* _Exercise requirements_:
Among the lines of data below, reproduce only those from the one with "Weight: 8.68 grams" through the one with "Retail: $495 USD", exactly as they stand, both ends included.

* _Given information_:
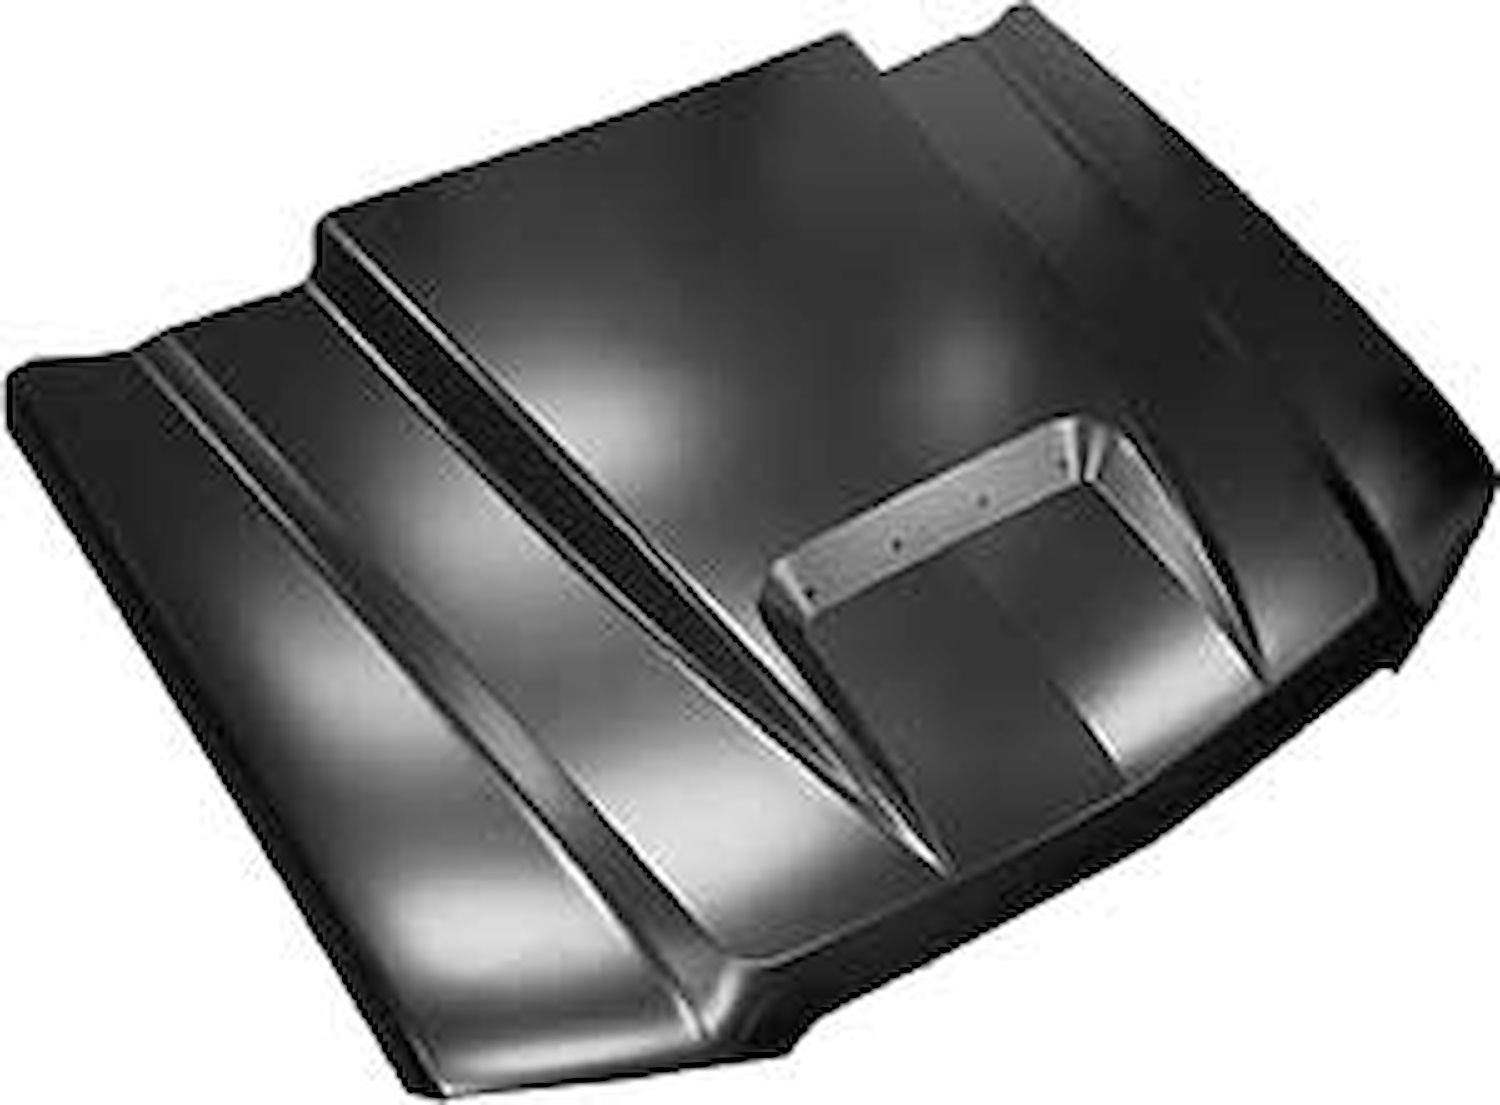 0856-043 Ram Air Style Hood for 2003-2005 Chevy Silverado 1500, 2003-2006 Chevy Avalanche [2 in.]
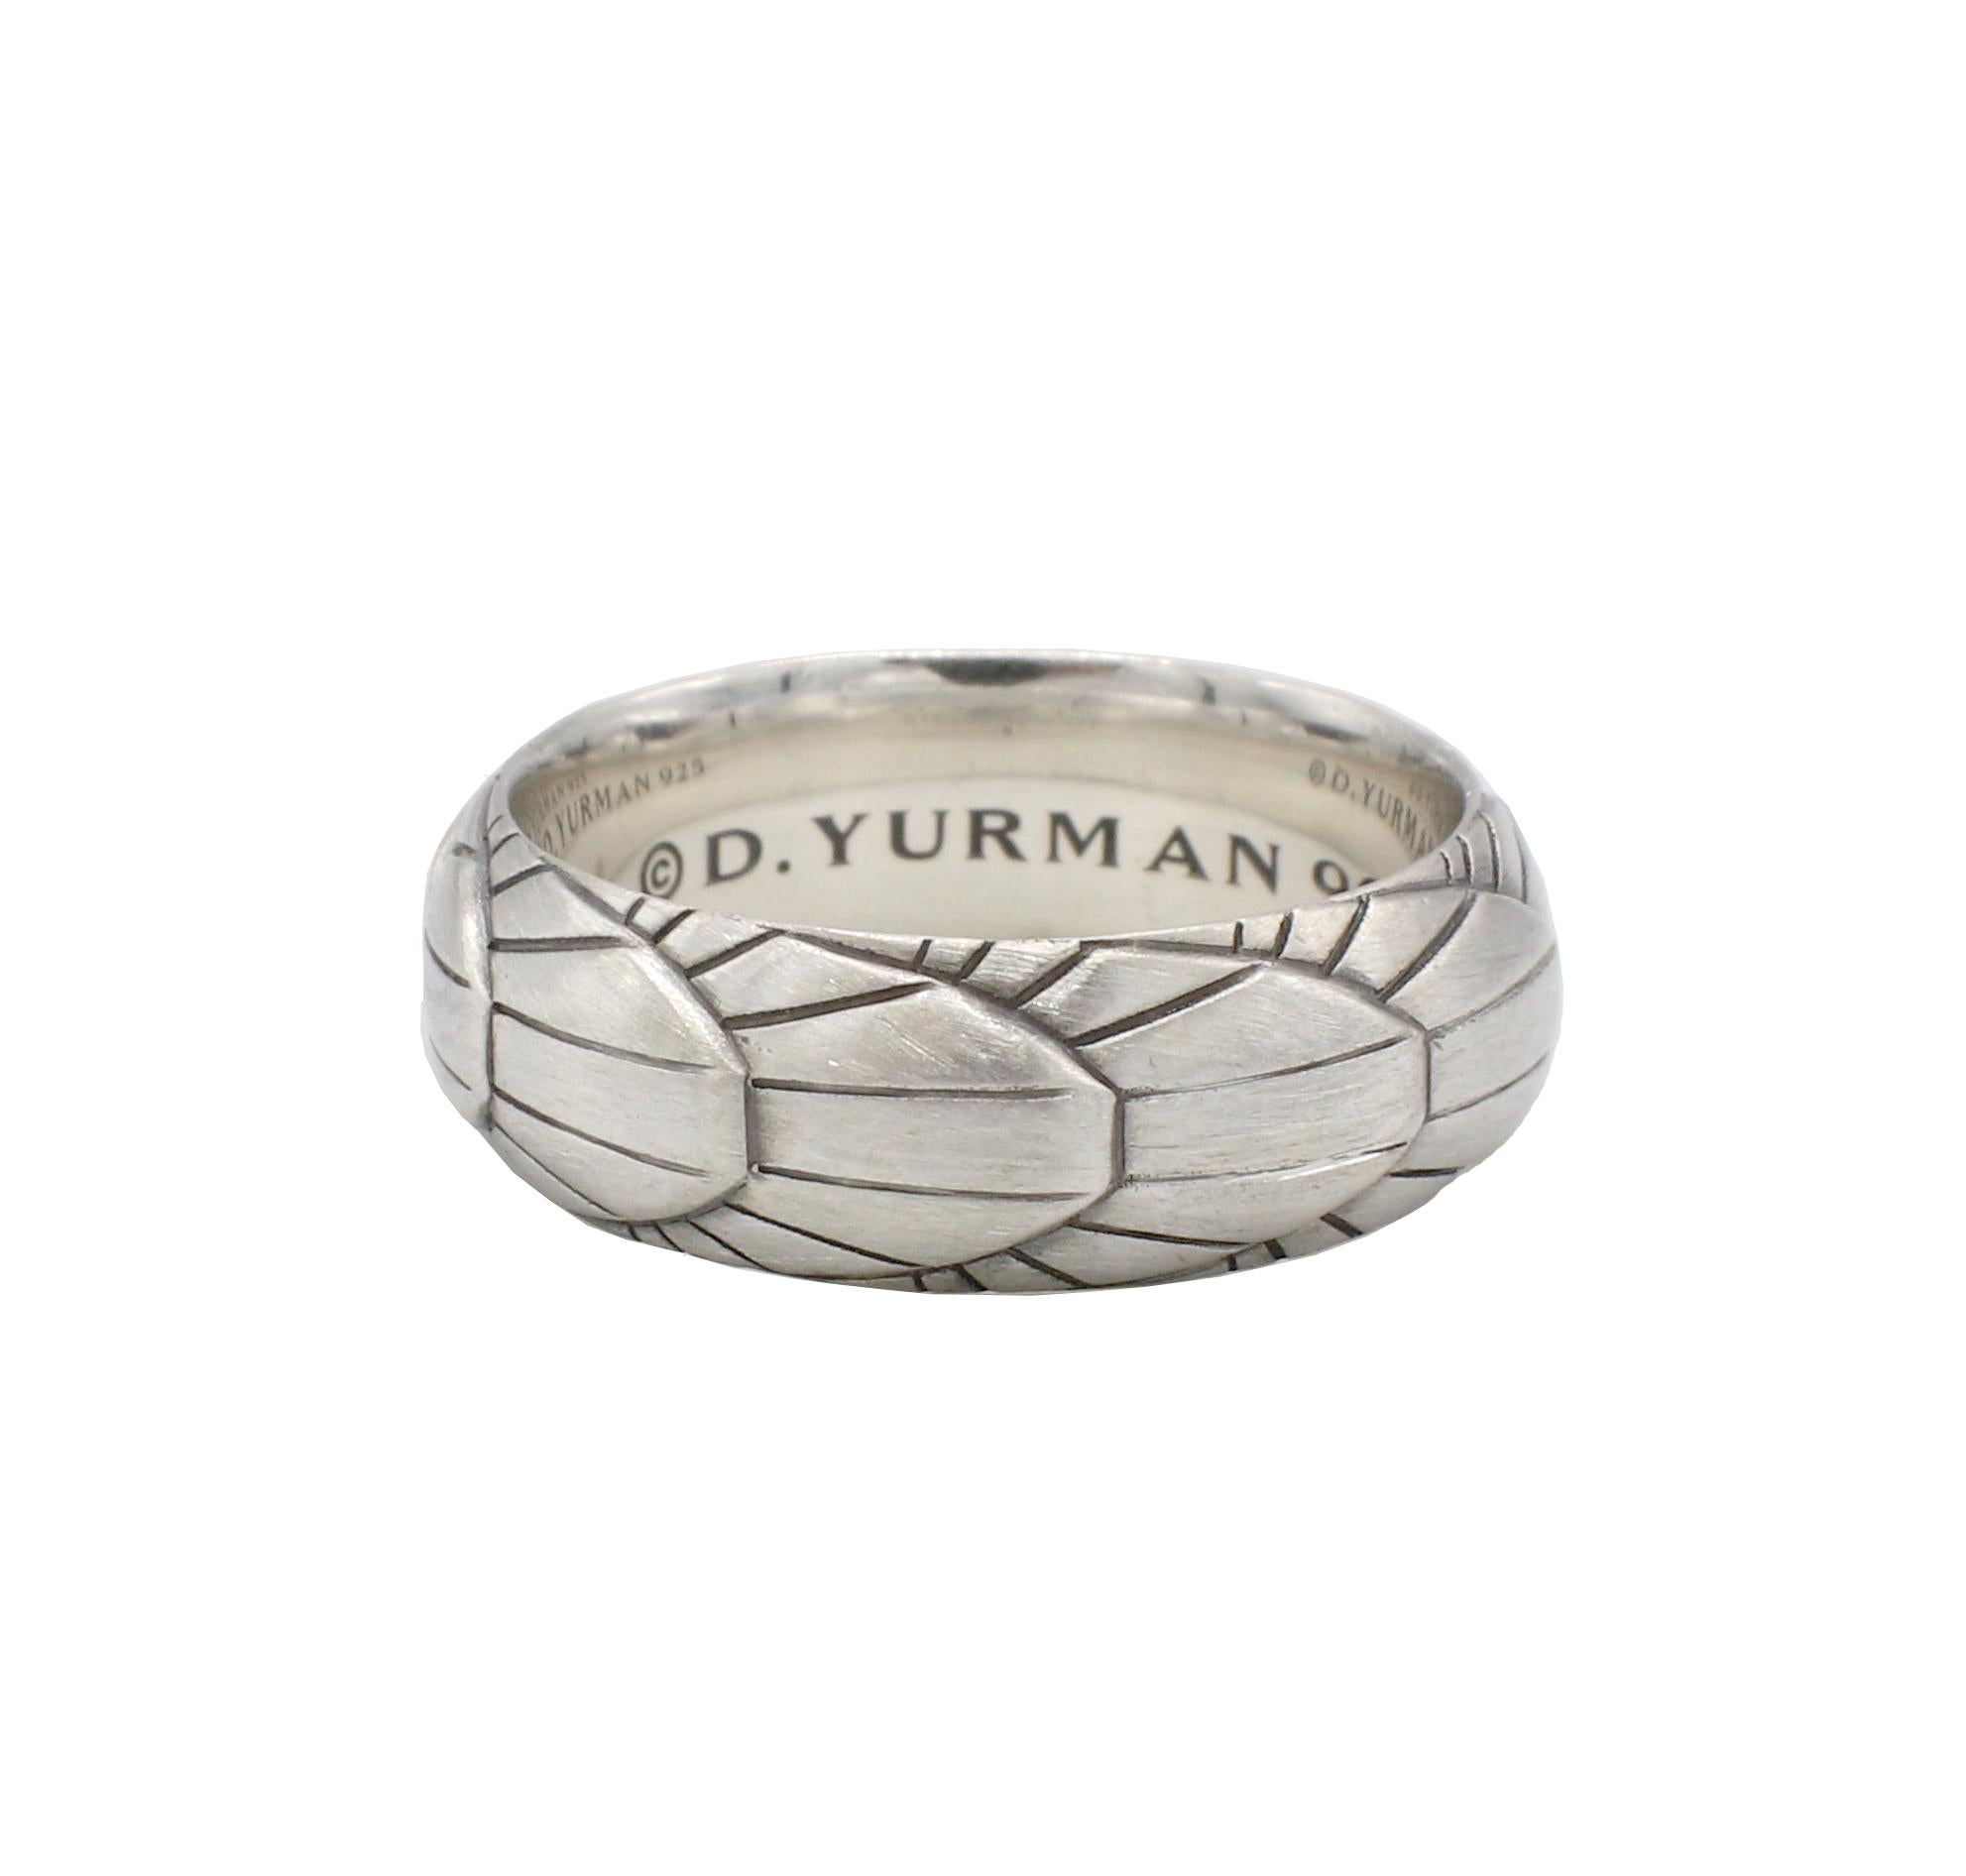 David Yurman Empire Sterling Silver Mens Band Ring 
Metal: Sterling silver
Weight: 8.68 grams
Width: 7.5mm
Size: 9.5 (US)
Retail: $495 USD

---

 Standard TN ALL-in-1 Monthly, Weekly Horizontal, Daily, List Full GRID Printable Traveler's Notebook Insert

* _Answer for the task_:
Weight: 8.68 grams
Width: 7.5mm
Size: 9.5 (US)
Retail: $495 USD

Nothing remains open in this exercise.